We placed such a huge demand on Spain, maybe greater than anticipated, not only to exchange our licences but also to get our residencies that, together with the skeleton staff working during lockdown, Spain realised it could not process everybody before the end of the transition period on 31 December. The UK driving licences of British residents who were in Spain before 31 December 2020 cease to be valid after the end of this month - 30 June. For the exchange process to be started, the UK licence has to be validated with DVLA and there was to be no international exchange of data after the end of the Brexit transition period on 31 December so Spain very kindly offered a grace period of 6 months to everybody who was unable to exchange their licences before the end of the year provided that, before 30 December 2020, they had registered their intention to exchange. Many are still awaiting their TIE resolution letters so are still unable to exchange so again, being super generous, Spain has given an extra 6 months for them to effect the exchange. This does mean that if, before 30 December 2020, you registered your intention to exchange you now have until 31 December 2021 to actually exchange it but your UK licence ceases to be valid after 30 June so you will NOT be able to drive here.

There are negotiations between UK/Spain but no agreement to date so as it stands at the moment, please be aware that your UK licence will cease to be a valid document after 30 June as will your insurance, I imagine.

Together with the British Embassy, we have successfully challenged some of the DGTs misinformation and misinterpretation of the WA and, as I have been asked a series of questions by some of you, I put them to the British Embassy so read on:


On 30 June UK driving licences cease to be valid here for residents.
That is correct, as of today's date, for those who were resident in Spain before 31 December 2020. However, we are in contact with the Spanish authorities in relation to the possible extension of this measure and we will provide an update as soon as we are able.


Does this only affect residents who are benficiaries of the WA?
As set out on the DGT website:

For those who were resident in Spain prior to 31 December 2020, the 6 month period to continue driving with a UK licence started on 1 Jan 2021, meaning it will end on 30 June 2021.

For those who have arrived in Spain since 1 Jan 2021, they can use their UK licence for a period of 6 months from the date of entry or from the date they obtained legal residence.


What about those who have applied but still not got their TIE, are they considered resident just because they applied although they could be declined?
See above – those who were resident in Spain prior to 31 December 2020 (and therefore entitled to apply for the TIE) currently have until 30 June 2021 to drive on their UK licence. However, we are in contact with the Spanish authorities in relation to the possible extension of this measure and we will provide an update as soon as we are able.

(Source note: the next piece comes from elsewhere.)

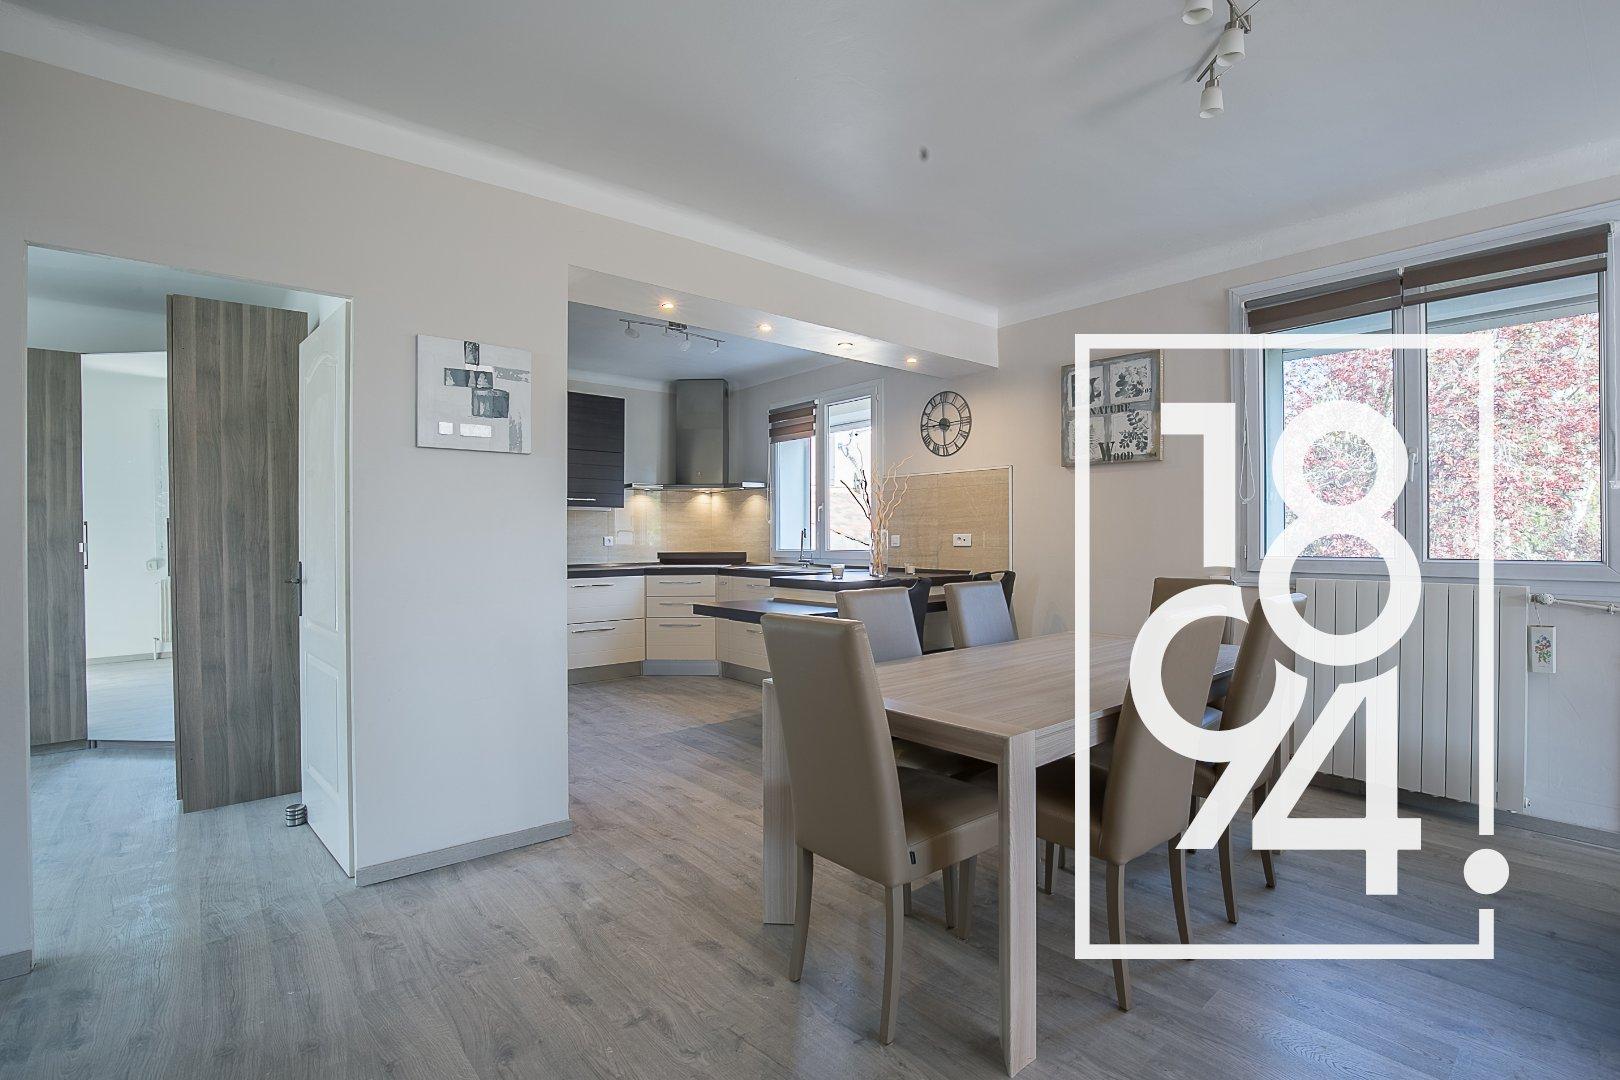 Appartement de type T4 refait à neuf avec terrasse et jardin, à Gardanne

If declined when can they drive until? Is it 6 months after they arrived?
As above.


Those who come here now with, for example an NLV, can drive for 6 months but must apply for the TIE within one month of getting the NLV stamp in their passport. Are they still ok to drive during those 6 months and is the 6 months counted from arrival, from date of application for TIE or actual date on TIE card?
The information on the DGT website states, ‘A partir del 1 de enero de 2021, será de aplicación la normativa general y los permisos expedidos por las autoridades británicas únicamente habilitarán para conducir en España durante seis meses, desde la entrada de su titular en España o desde la fecha de obtención de la residencia legal, no siendo válidos para circular en nuestro país a partir de ese momento.’ (My translation of this - From 01 January 2021, the general regulations will apply and the plicences issued by the British authorities will only enable you to drive in Spain for six months, from the entry of its owner in Spain or from the date of obtaining legal residence, not being valid to circulate in our country from that moment.)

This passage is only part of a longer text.